Bennie Salazar is having a bad day. Executives at Sow's Ear Records in New York City's TriBeCa want to dump a band he discovered, he's lost his mojo and, after consulting a book on Aztec medicine, now mixes flecks of gold with his coffee to resuscitate his sex drive. While listening to the band to see if their sound is still gritty, Bennie is flooded with shame memories. These are no simple recollections, rather a visceral "raking over … and leaving gashes," a reliving of each moment when the image of his best self was shattered and soiled, colliding with the underbelly of reality.
In her brash beauty of a novel, A Visit from the Goon Squad, Jennifer Egan understands the power of shame, simply because it makes one present in the moment as effectively as fear or desire. One of the novel's themes is the loss of that vitality in our world, which is beset by sterilization and digitization, "which sucked the life out of everything that got smeared through its microscopic mesh." It is not only music that is at risk, but also art, film, photography, literature and, most important, the self.
Bennie decides to list his catalogue of shame on a parking ticket, hoping this will puncture its power. His humiliations are embarrassing, albeit very human. His barber discovers lice on his son's scalp. A girl Bennie lusts after walks in on him while he is on the toilet. He kisses a Mother Superior on the mouth after signing the nuns for a record deal.
Bennie's assistant, Sasha, a fetching, russet-haired kleptomaniac, asks him, "Why do you keep scribbling on that ticket?" She reads the list aloud: "Kissing Mother Superior, incompetent, hairball, poppy seeds, on the can."
Bennie is in agony, then Sasha says, "Not bad. They're titles, right?" It's a great moment: real, cleansing.
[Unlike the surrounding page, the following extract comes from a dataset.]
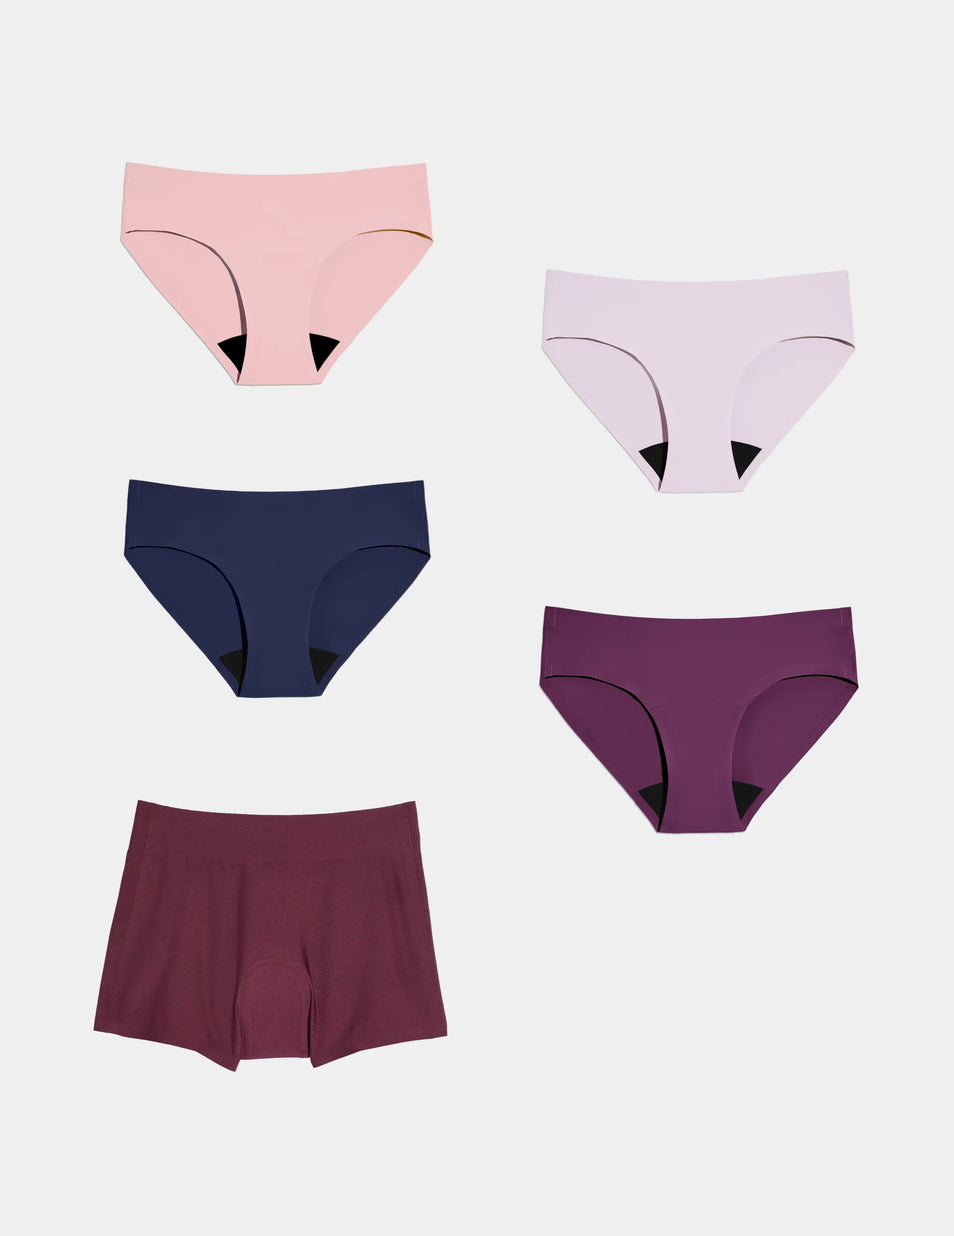 Buy Seamless Athletic Boyshorts Underwear Online – Knix - Knix

Despite her innovations, Egan's themes are classic: our human longing to master time, to escape its inexorable passage through fame, immortality, or redemption.
Bennie and Sasha are the novel's most compelling characters, and Egan turns them inside out. In contrast to her contemporary, Mary Gaitskill, who probes her protagonists with scalpel and magnifying glass, Egan does so with tenderness and humour.
We also follow the interlocking fates of a dizzying number of people who circle the lives of Benny and Sasha. There is Benny's high-school crowd, who form a rock band, The Flaming Dildoes, in the late 1970s during San Francisco's punk scene, as well as a seductive, devouring music executive who becomes Bennie's mentor. The secret lives of Sasha's parents, her uncle, and a suicidal college friend, are also laid bare. Vertigo and exhilaration result: Remember Spin Art?
Egan is a fearless writer, game for risk. In A Visit from the Goon Squad, she employs a kaleidoscopic spin of styles, switches up points of view and emotional tones, even creating a dazzling 75-page interlude in PowerPoint. Time is a Möbius strip, not a line.
Interestingly, in this boundary-bending book, Egan chooses two epigraphs from Proust's In Search of Lost Time. Despite her innovations, Egan's themes are classic: our human longing to master time, to escape its inexorable passage through fame, immortality, or redemption. "Time's a goon," observes one character, who has become more of a relic than a rock star. Yet, time not only wounds heels, it heals some wounds.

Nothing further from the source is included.